Causal Inference for time-to-event data

Truncation by death and the survival-incorporated median: What are we measuring? And why?
Judith J. Lok1, Qingyan Xiang2, Ronald J. Bosch3
1Department of Mathematics and Statistics, Boston University, United States of America; 2Department of Biostatistics, Boston University, United States of America; 3Center for Biostatistics in AIDS Research, Harvard University, United States of America

One could argue that if a person dies, their subsequent health outcomes are missing. On the other hand, one could argue that if a person dies, their health outcomes are completely obvious. This talk considers the second point of view, and advocates to not always see death as a mechanism through which health outcomes are missing, but rather as part of the outcome measure. This is especially useful when some people’s lives may be saved by a treatment we wish to study. We will show that both the median health score in those alive and the median health score in the always-survivors can lead one to believe that there is a trade-off between survival and good health scores, even in cases where in clinical practice both the probability of survival and the probability of a good health score are better for one treatment arm. To overcome this issue, we propose the survival-incorporated median as an alternative summary measure of health outcomes in the presence of death. It is the outcome value such that 50% of the population is alive with an outcome above that value. The survival-incorporated median can be interpreted as what happens to the “average” person. The survival-incorporated median is particularly relevant in settings with non-negligible mortality. We will illustrate our approach by estimating the effect of statins on neurocognitive function.

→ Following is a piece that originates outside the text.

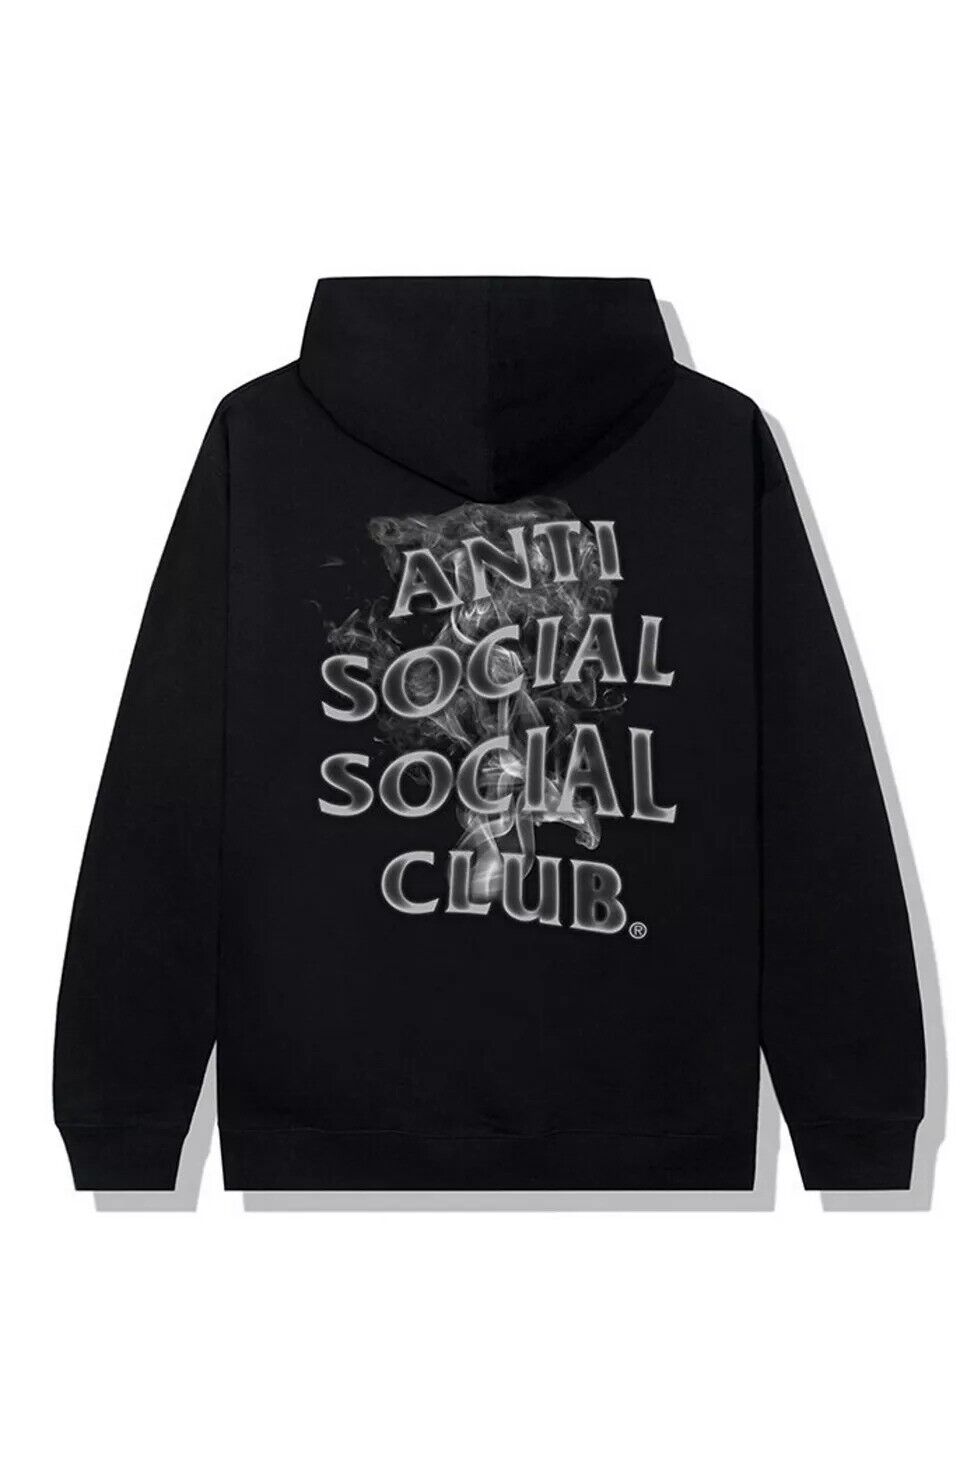 Anti Social Social Club Burnouts Hoodie Black Sz 2XL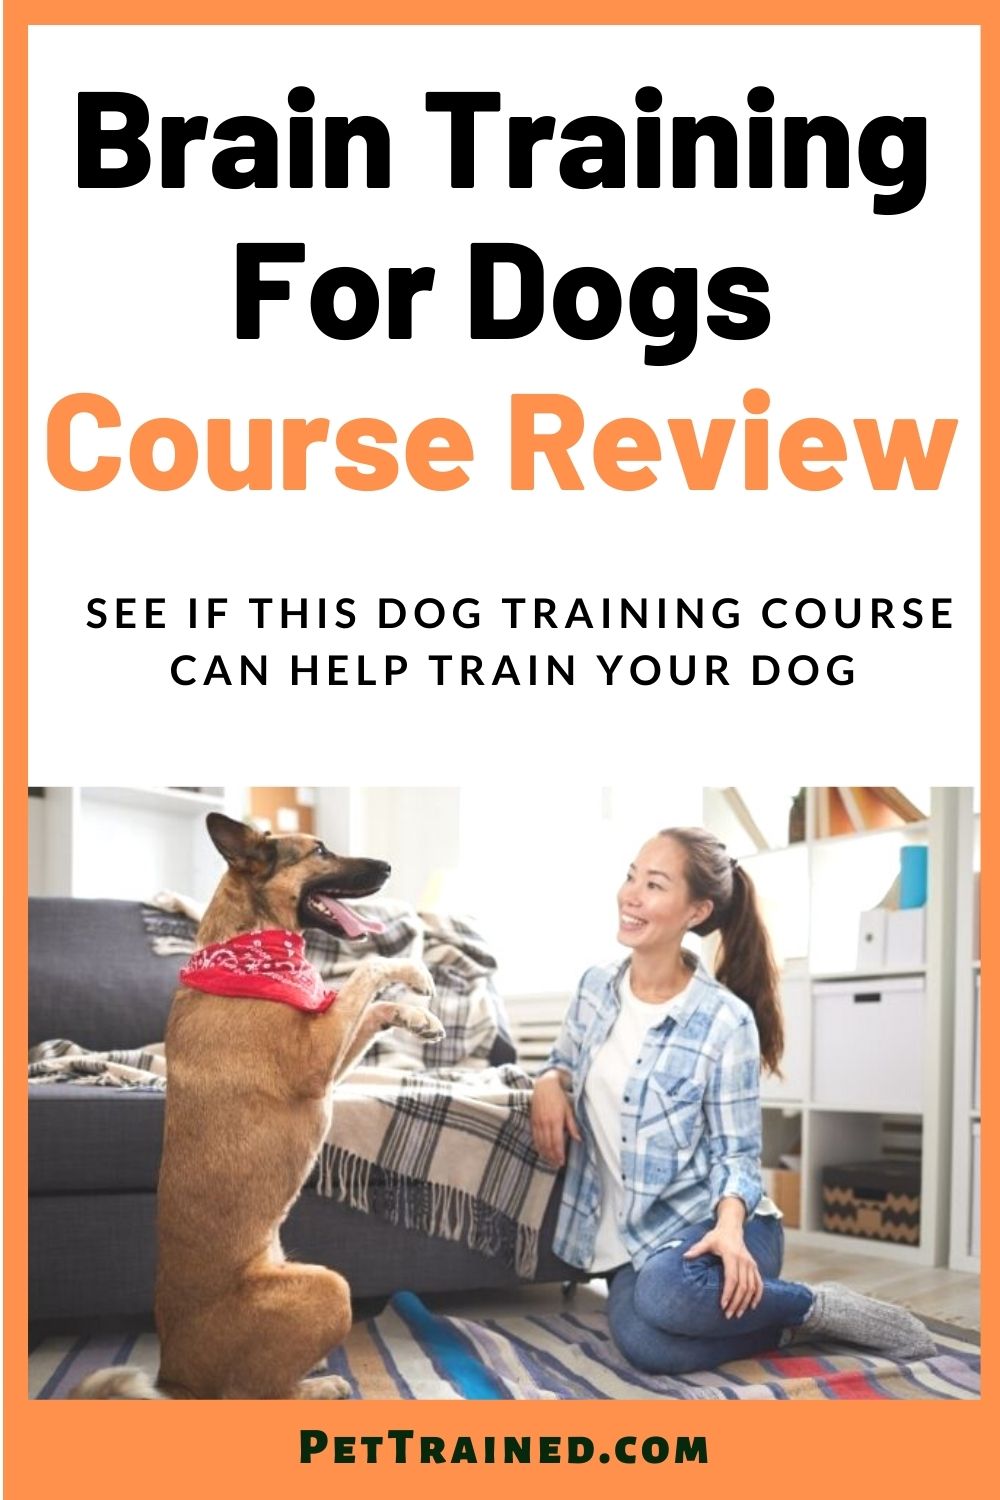 Brain training for dogs training program review

Multi-state modeling and causal censoring of treatment discontinuations in randomized clinical trials
Alexandra Nießl1, Jan Beyersmann1, Anja Loos2
1University of Ulm, Germany; 2Global Biostatistics, Merck KGaA, Darmstadt, Germany

The current COVID-19 pandemic and subsequent restrictions have various consequences on planned and ongoing clinical trials. Its effects on the conduct of a clinical trial create several challenges in analyzing and interpreting study data. In particular, a substantial amount of COVID-19-related treatment interruptions will affect the ability of the study to show the primary objective of the trial.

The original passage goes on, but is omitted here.